SUPPLIED DATA ▸

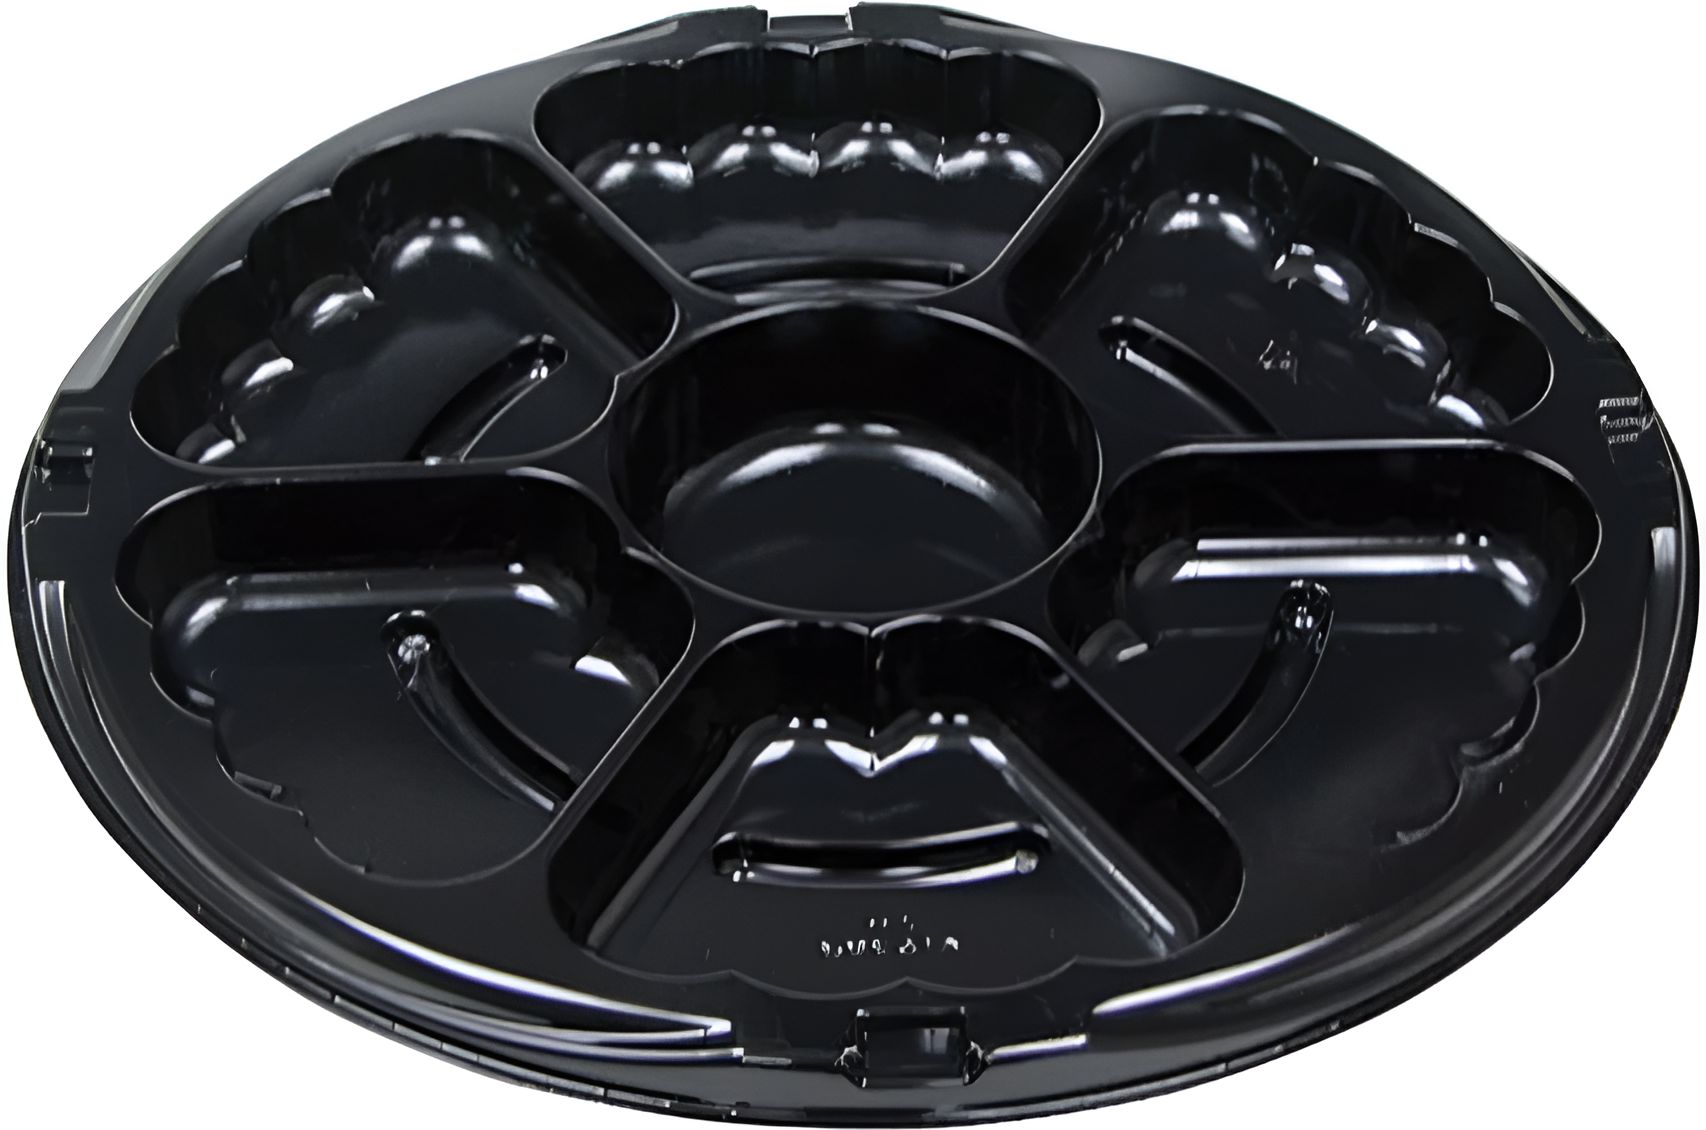 Pactiv Evergreen - 12" Black Round 7-Compartment Catering Tray, 50/Cs - 9912K
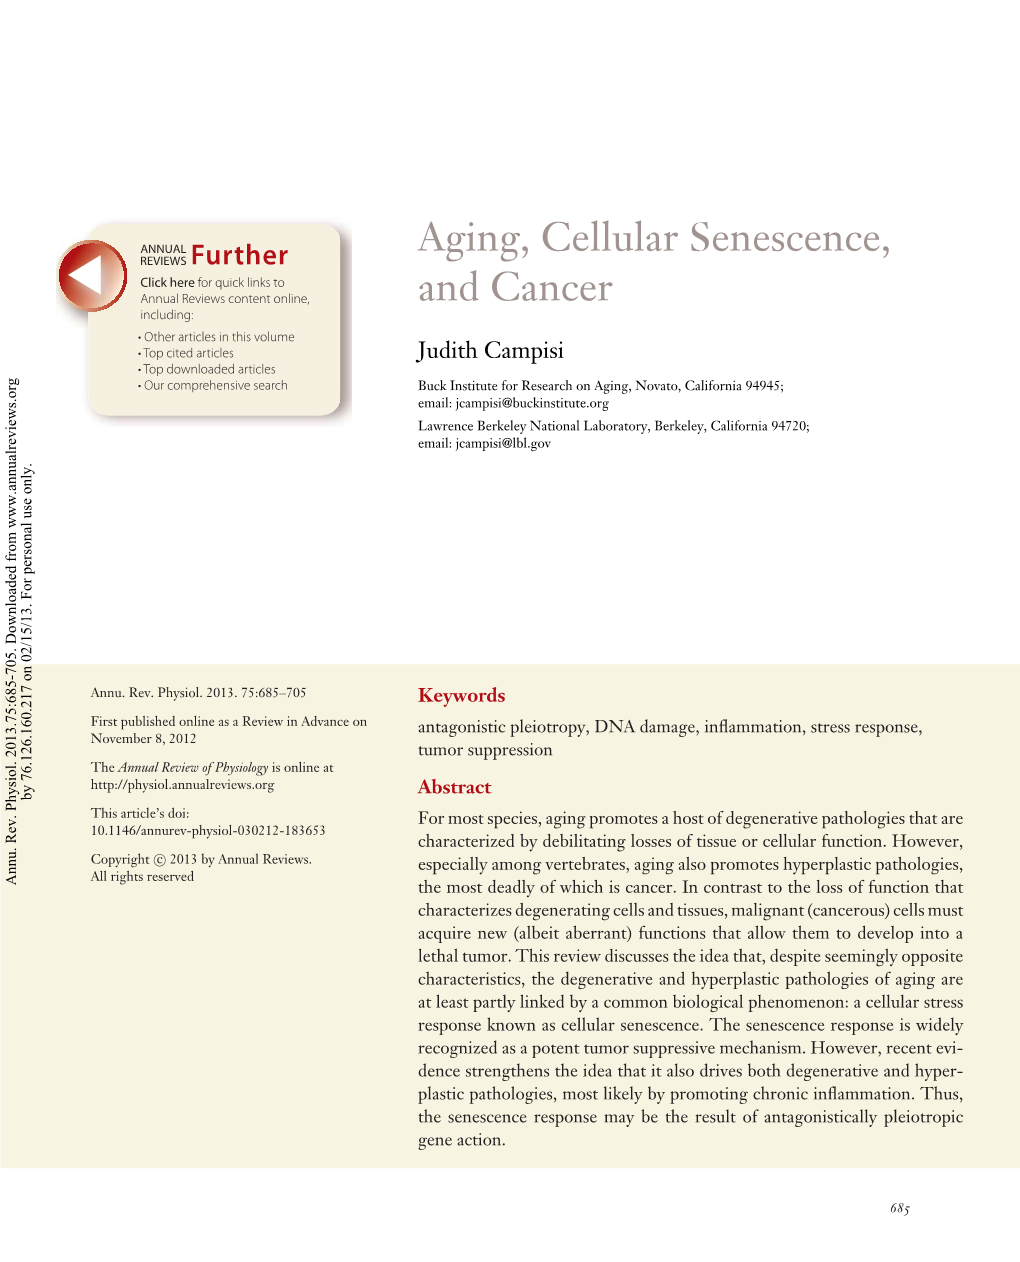 Aging, Cellular Senescence, and Cancer
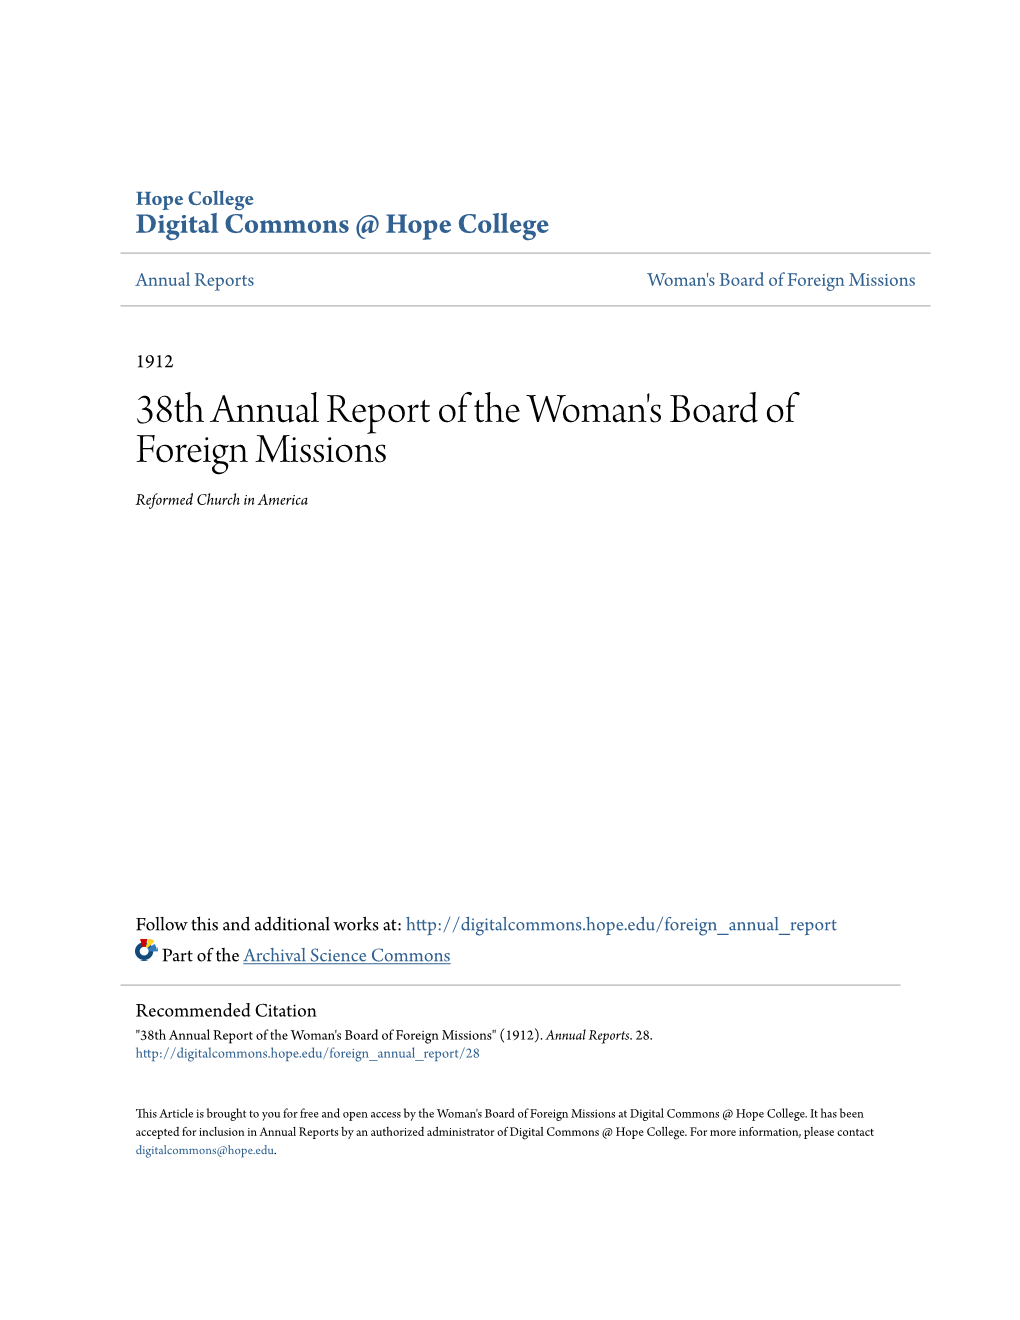 38Th Annual Report of the Woman's Board of Foreign Missions
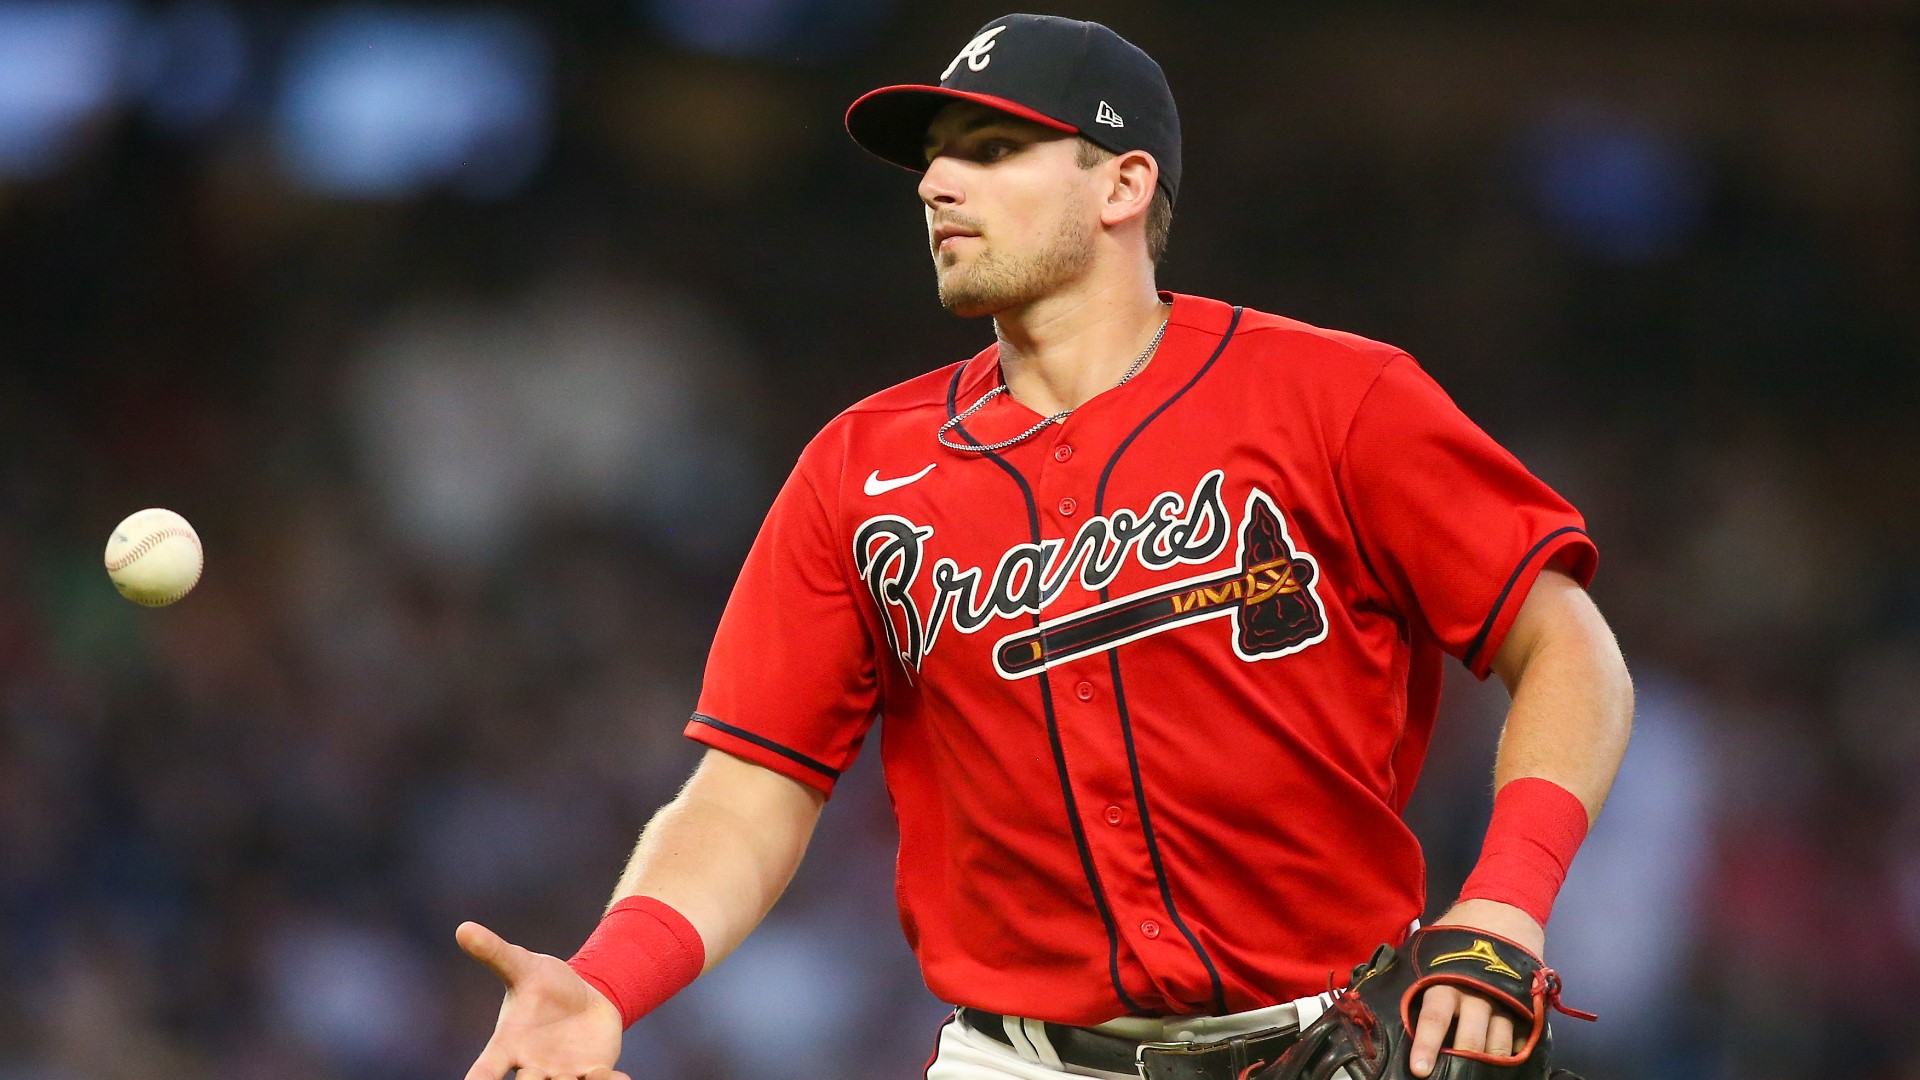 Here's why Braves insider Grant McAuley chose third baseman Austin Riley, catcher Travis d’Arnaud and more as his game-changers of the week.
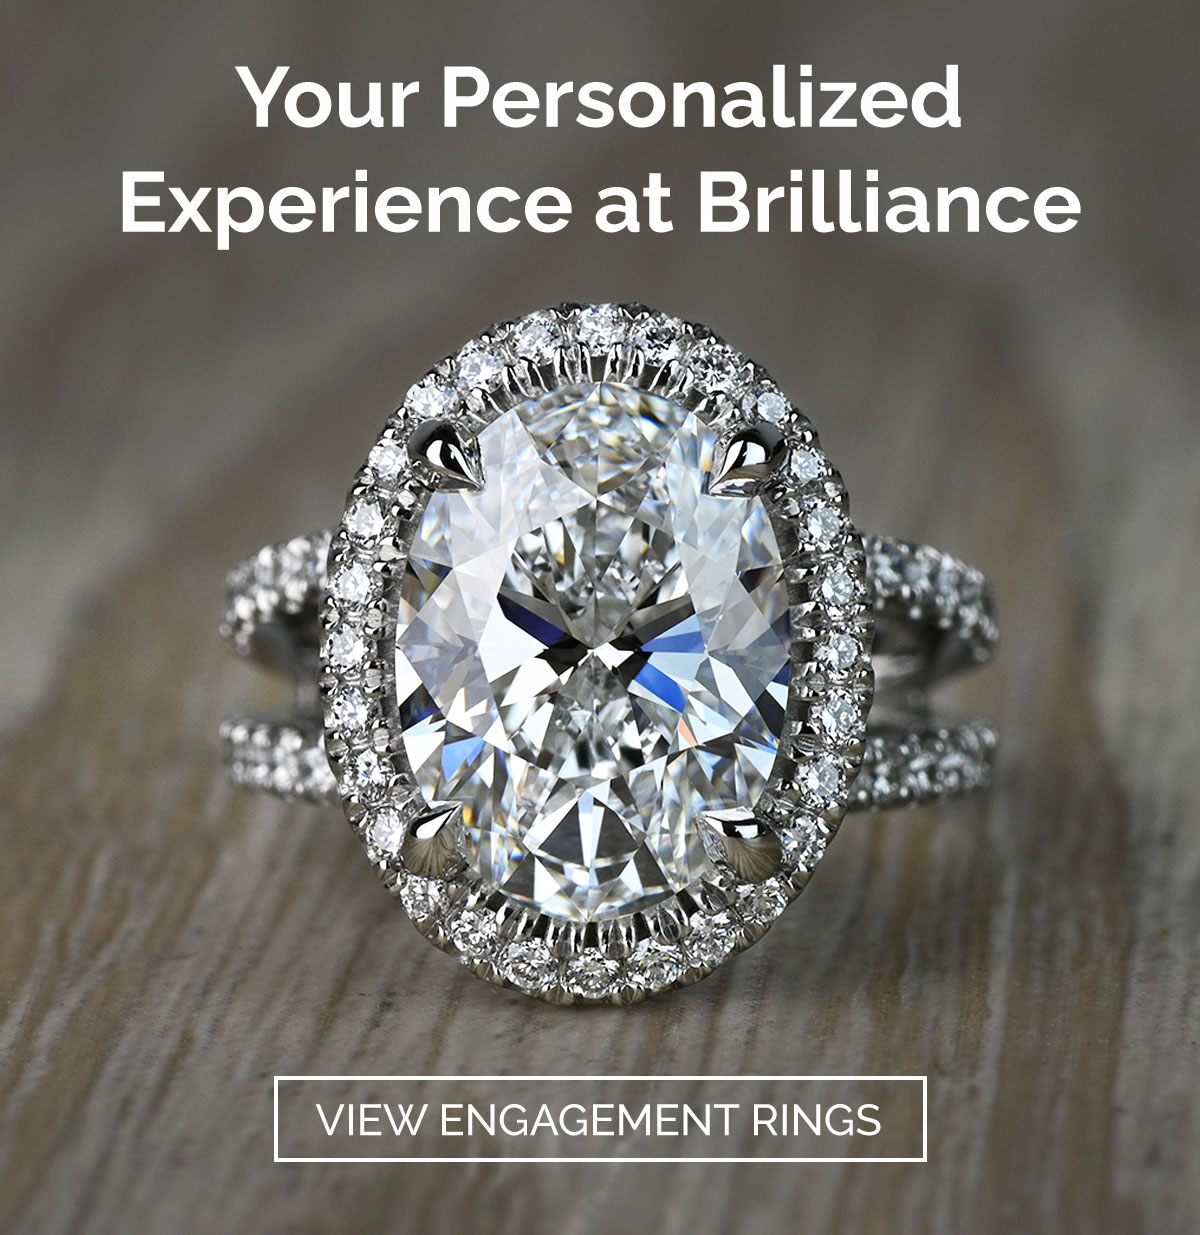 Your Personalized Experience at Brilliance View Engagement Rings

WHAT THE EXERCISE ASKS ▸
Could you repeat exactly the lines from the first one of the records above through the line containing "Here's why Braves", leaving out any pictures?

RESPONSE FOR THIS EXERCISE ▸
 Pactiv Evergreen - 12" Black Round 7-Compartment Catering Tray, 50/Cs - 9912K
 Aging, Cellular Senescence, and Cancer
 38Th Annual Report of the Woman's Board of Foreign Missions
 Here's why Braves insider Grant McAuley chose third baseman Austin Riley, catcher Travis d’Arnaud and more as his game-changers of the week.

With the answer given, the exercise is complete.